→ **EXERCISE INSTRUCTIONS**
Repeat the listing that follows character for character, omitting images.

→ **GIVEN MATERIAL**
• • • •

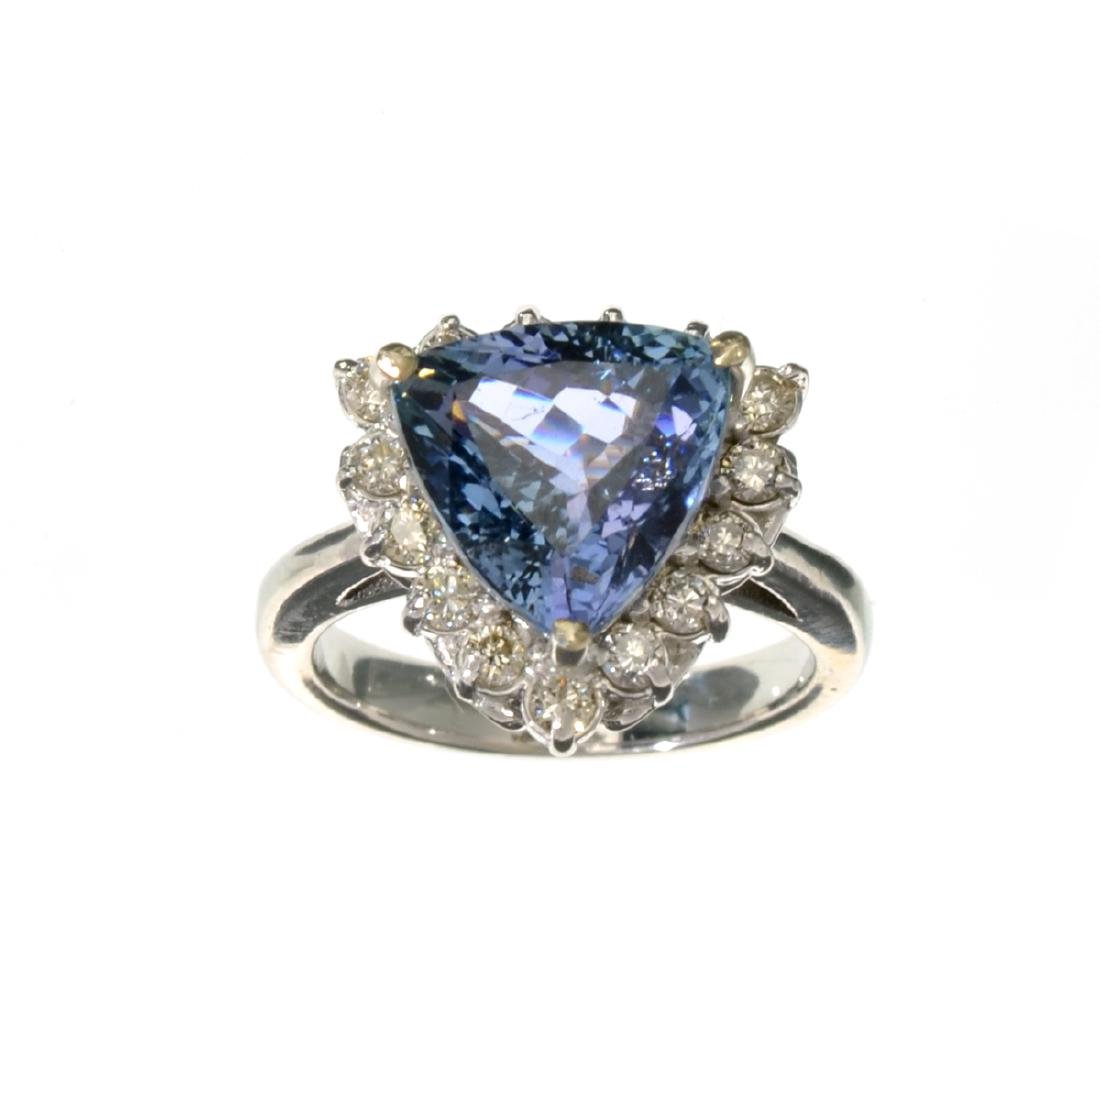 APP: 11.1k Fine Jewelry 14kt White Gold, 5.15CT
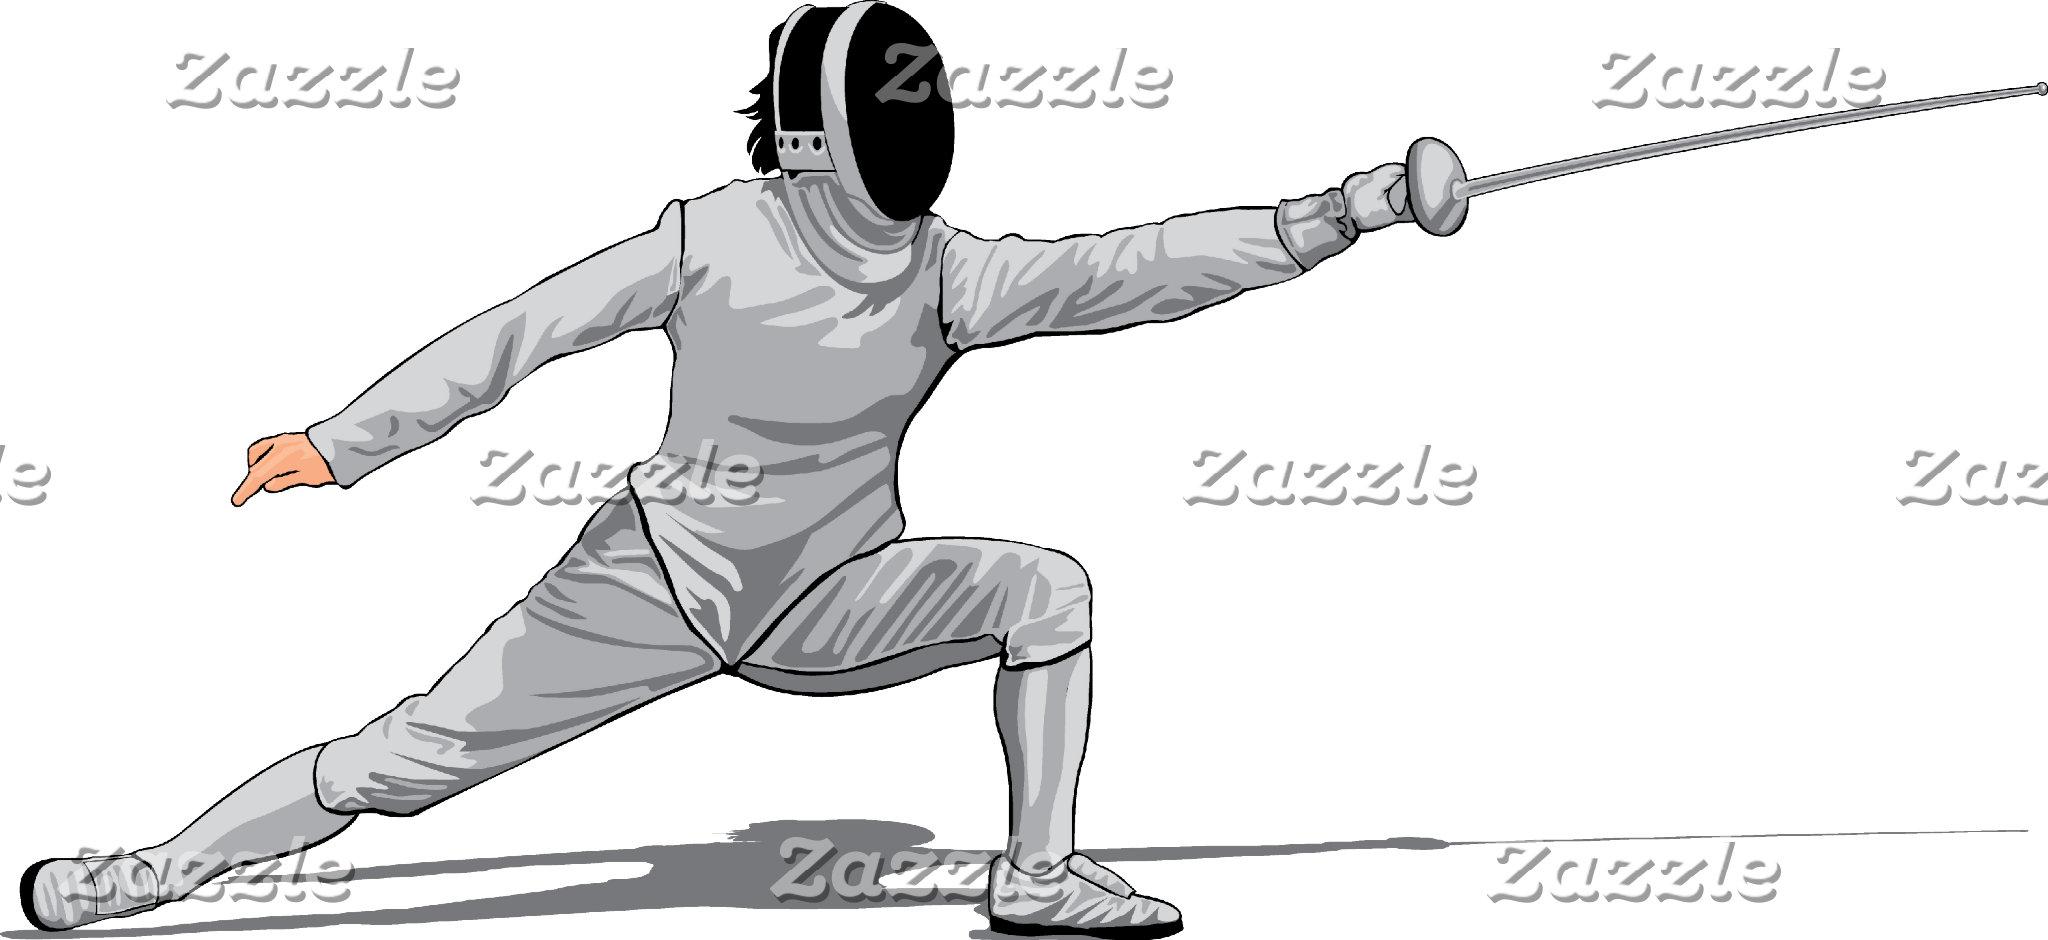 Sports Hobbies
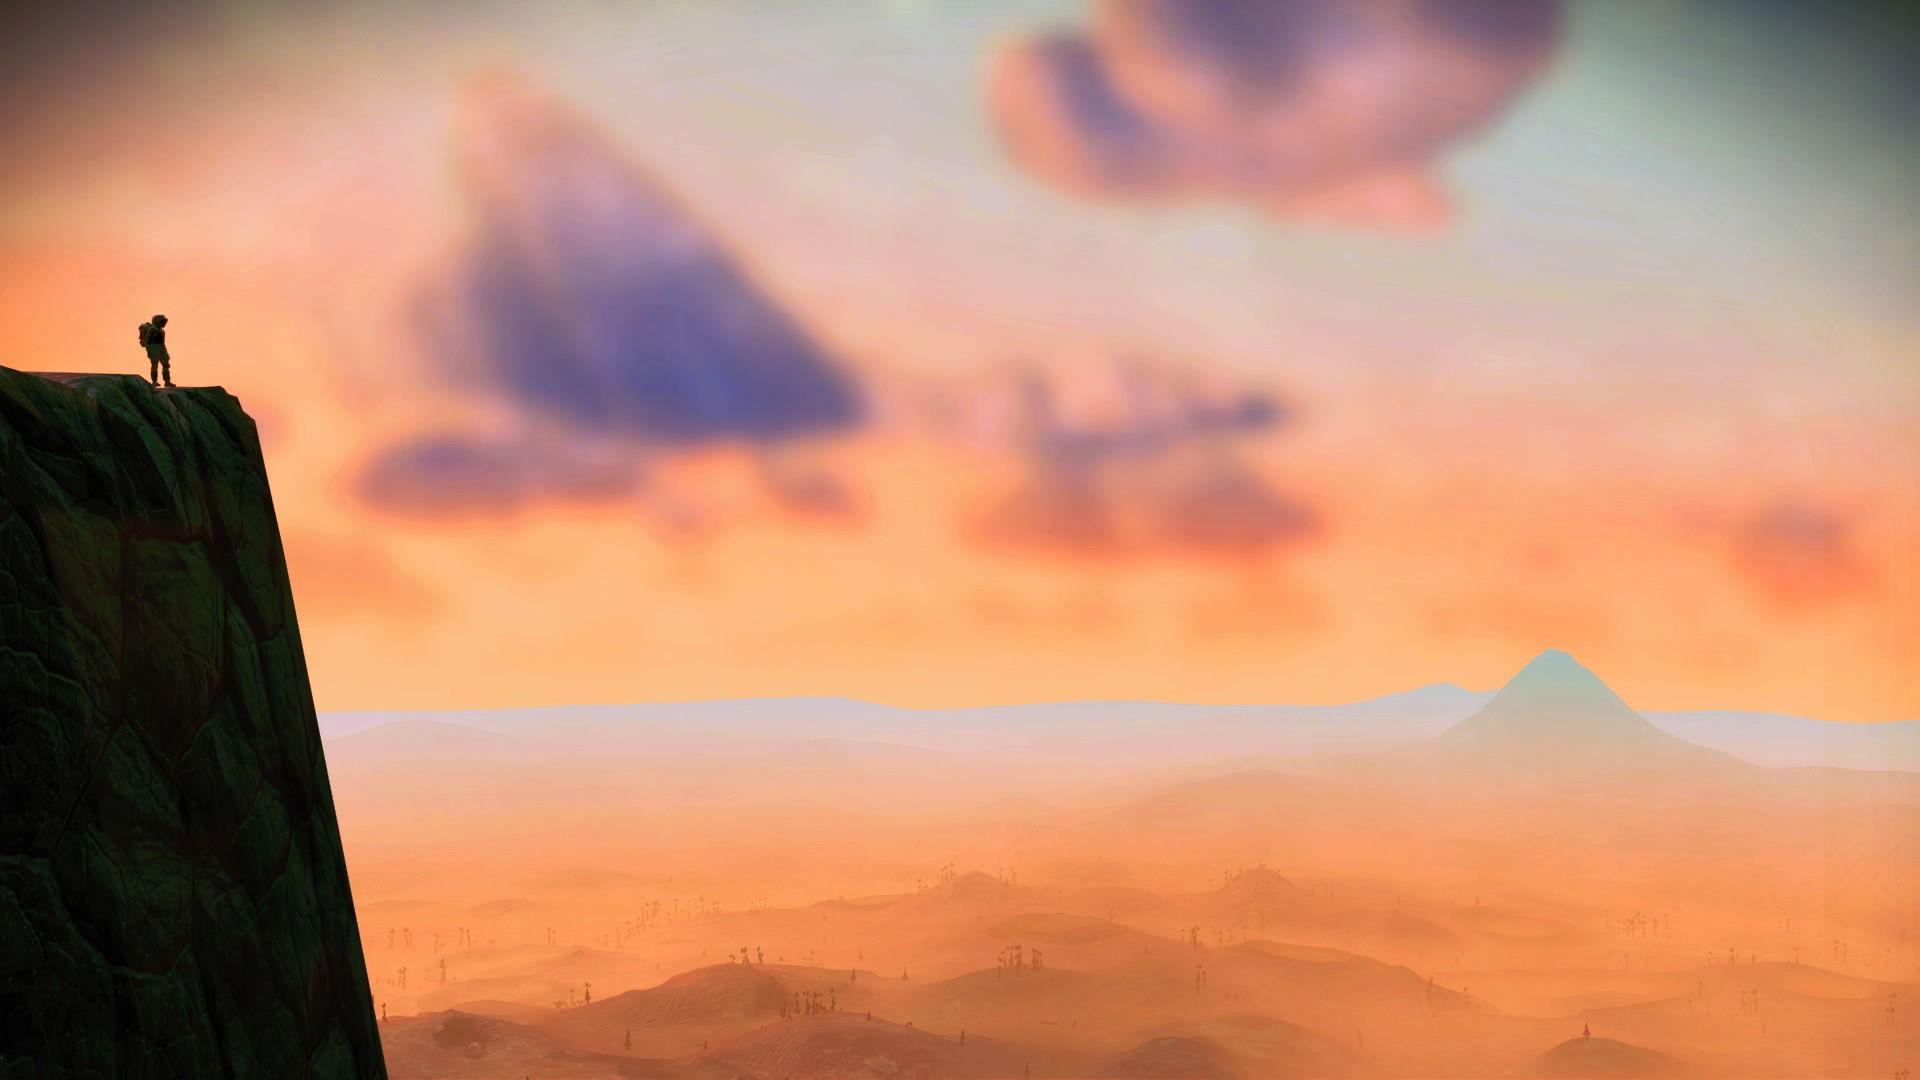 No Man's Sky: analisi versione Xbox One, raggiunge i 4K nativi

• • • •

→ **OUTPUT FOR THIS TASK**
 APP: 11.1k Fine Jewelry 14kt White Gold, 5.15CT
 Sports Hobbies
 No Man's Sky: analisi versione Xbox One, raggiunge i 4K nativi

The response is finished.